In the orphanage, Asep and Ujang live with other 25 children in the charge of five caretakers.
Ferlian said that the twins were growing up healthy, amid limited assistance from the social agency.
The agency provided the orphanage with two boxes of formula milk, some clothes and blankets for the boys and little else. “The agency did not give us money to take care of the twins.
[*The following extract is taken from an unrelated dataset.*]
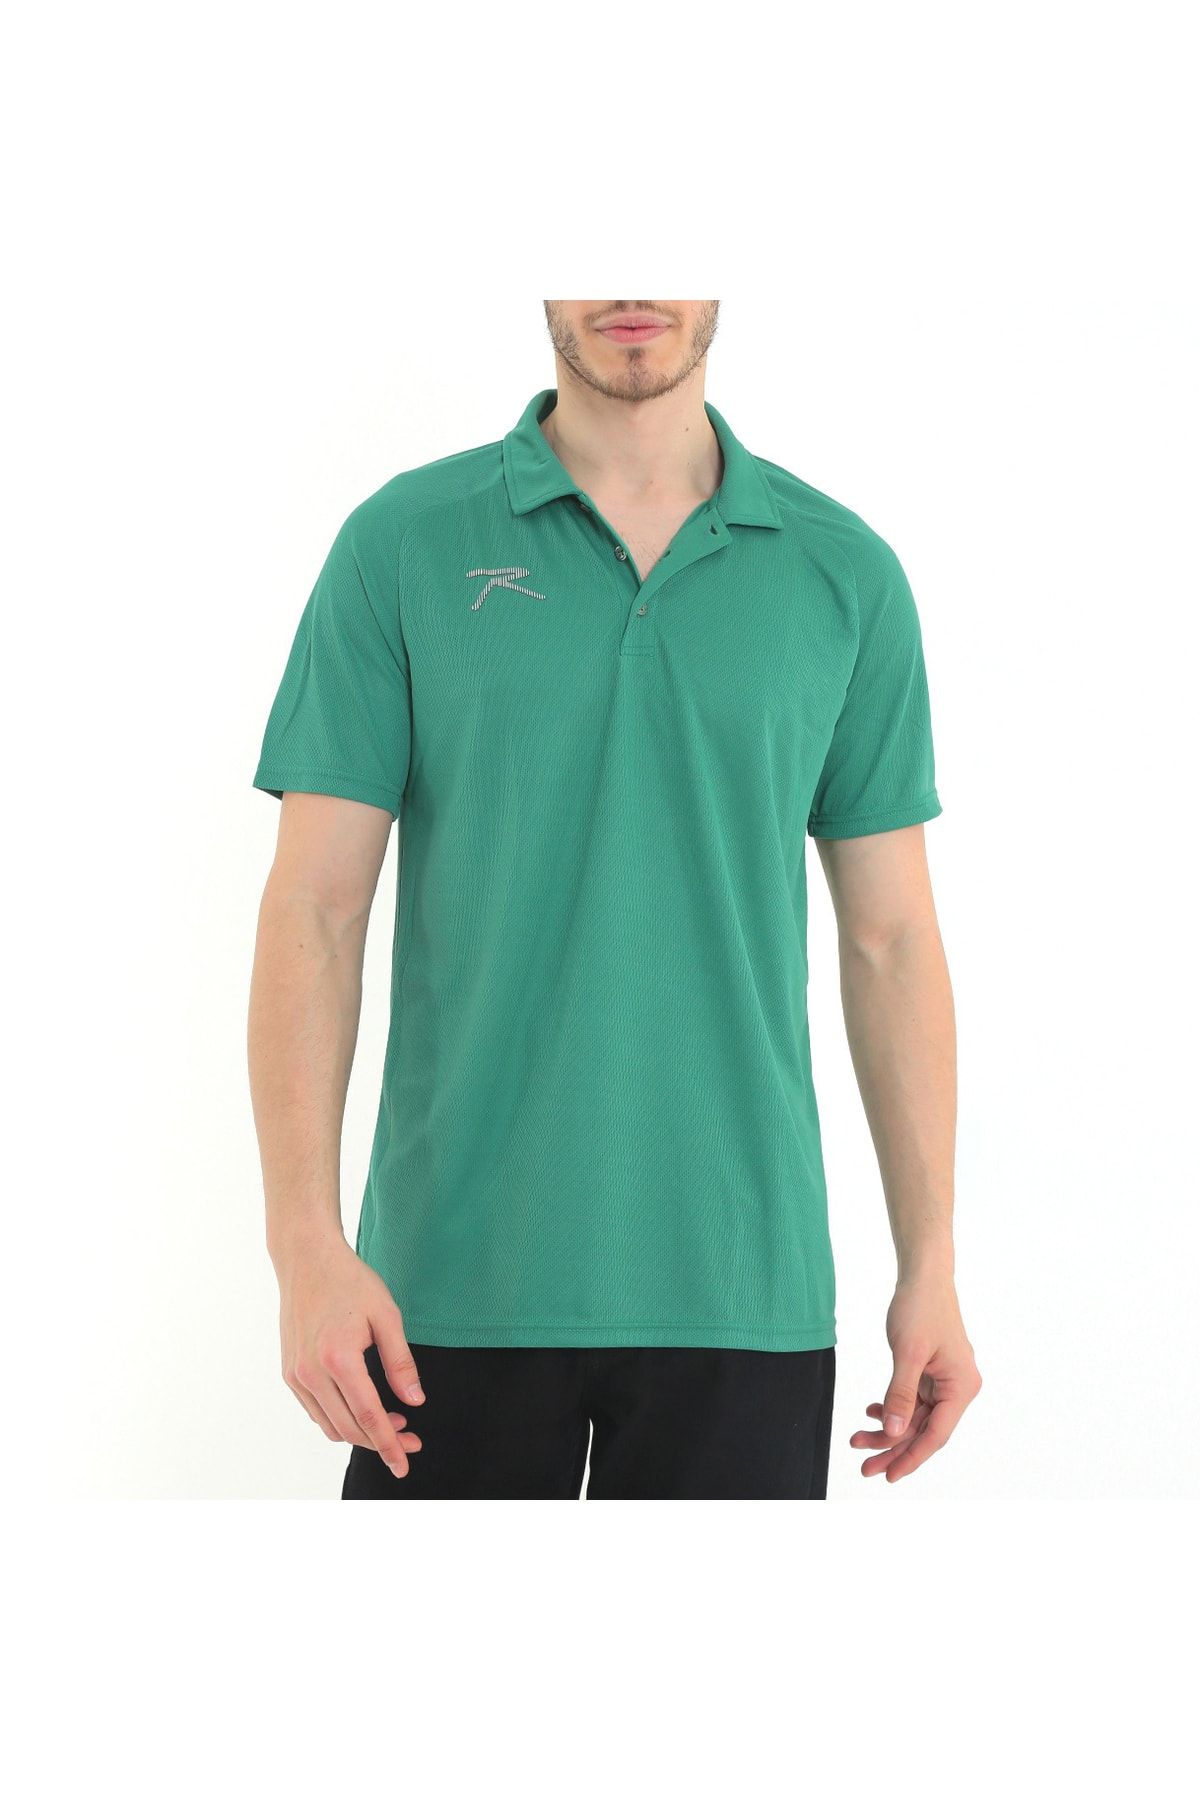 raru Erkek Kısa Kollu Polo T-shirt Nox Yeşil

It did not provide enough milk for the babies,” Ferlian said.
“People from the community help us more than the agency.”
Ferlian questioned the agency’s support of Depok’s ambition to be a “child-friendly” city.
“How the city can declare that it will be a child-friendly city if it does not give enough support to the orphanages?” she said.
Ferlian, who runs the foundation using private donations, said that she received additional help from several lecturers at the nearby University of Indonesia, some members of the Depok City Council, other foundations and some more established orphanages.
“I cannot feed all these kids if I only rely on the agency’s help,” she said.
Developing child-friendly cities has been an initiative of the Women’s Empowerment and Child Development Ministry, which has given such recognition to several cities, including Surakarta, Central Java.
Last year, the Depok administration said that it would strive for child-friendly status in 2012. The city council said that it would support the plan.
Critics, however have questioned Depok’s commitment following several recent crimes involving children, including the trafficking of Asep and Ujang and the case of an elementary student, reportedly the victim of domestic violence, who was stabbed a classmate in Cinere, Limo district.”